Research output: Contribution to journalArticlepeer-review

3 Scopus citations

Abstract

Objectives: This study examines (1) the overall structures of multifaceted coping resources, that is, coping repertoires, among Chinese older immigrants in the United States, (2) the optimal coping repertoire that is associated with best psychological outcomes of these older immigrants, and (3) the most effective coping repertoire in different adversities. Method: Using data from 2,923 Chinese older immigrants in Chicago, Latent Class Analysis (LCA) was performed to identify the overall coping repertoires of U.S. Chinese older adults. Negative binomial and logistic regressions were used to examine associations between coping repertoires and depression and Quality of Life (QoL), respectively. We further tested whether coping repertories moderate the relationships between adversities in health, economic, and social domains, and the two psychological outcomes. Results: LCA revealed four types of coping repertories: low-resource (43%), spouse-oriented (32%), community-oriented (15%), and multi-source coping (10%). Overall, Chinese older immigrants who had the multi-source coping repertoire reported the best psychological outcomes. The community-oriented and multi-source coping repertories had significantly stronger buffering effects on psychological well-being among individuals with IADL difficulties or low acculturation.
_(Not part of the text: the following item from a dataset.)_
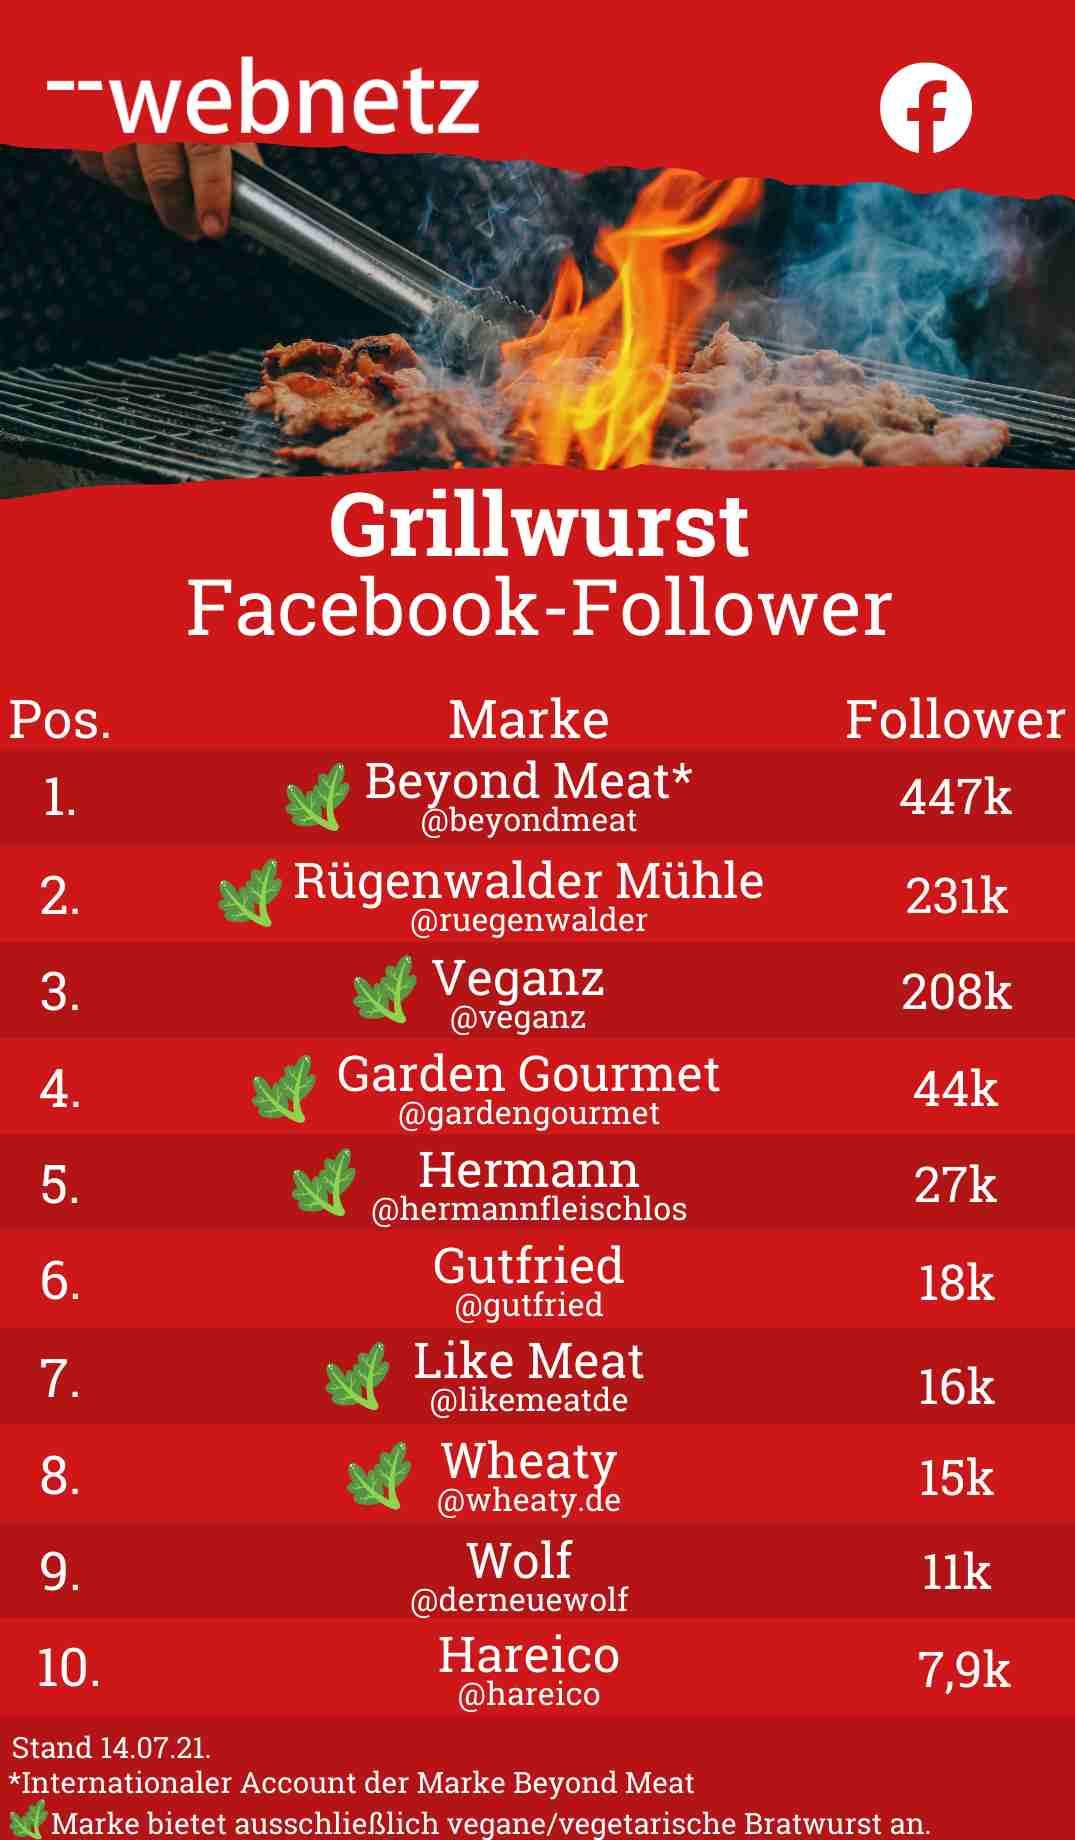 Grillwurst Facebook-Follower

However, spouse-oriented coping intensified the association between ADL difficulties and depression, and community-oriented coping intensified the association between poorer subjective health and lower quality of life. Conclusion: This study revealed overall low coping repertories of Chinese older immigrants, suggesting the most optimal coping repertories should consist of both intrinsic and extrinsic coping sources. The findings further show that relying on limited sources might be harmful to older immigrants’ mental health.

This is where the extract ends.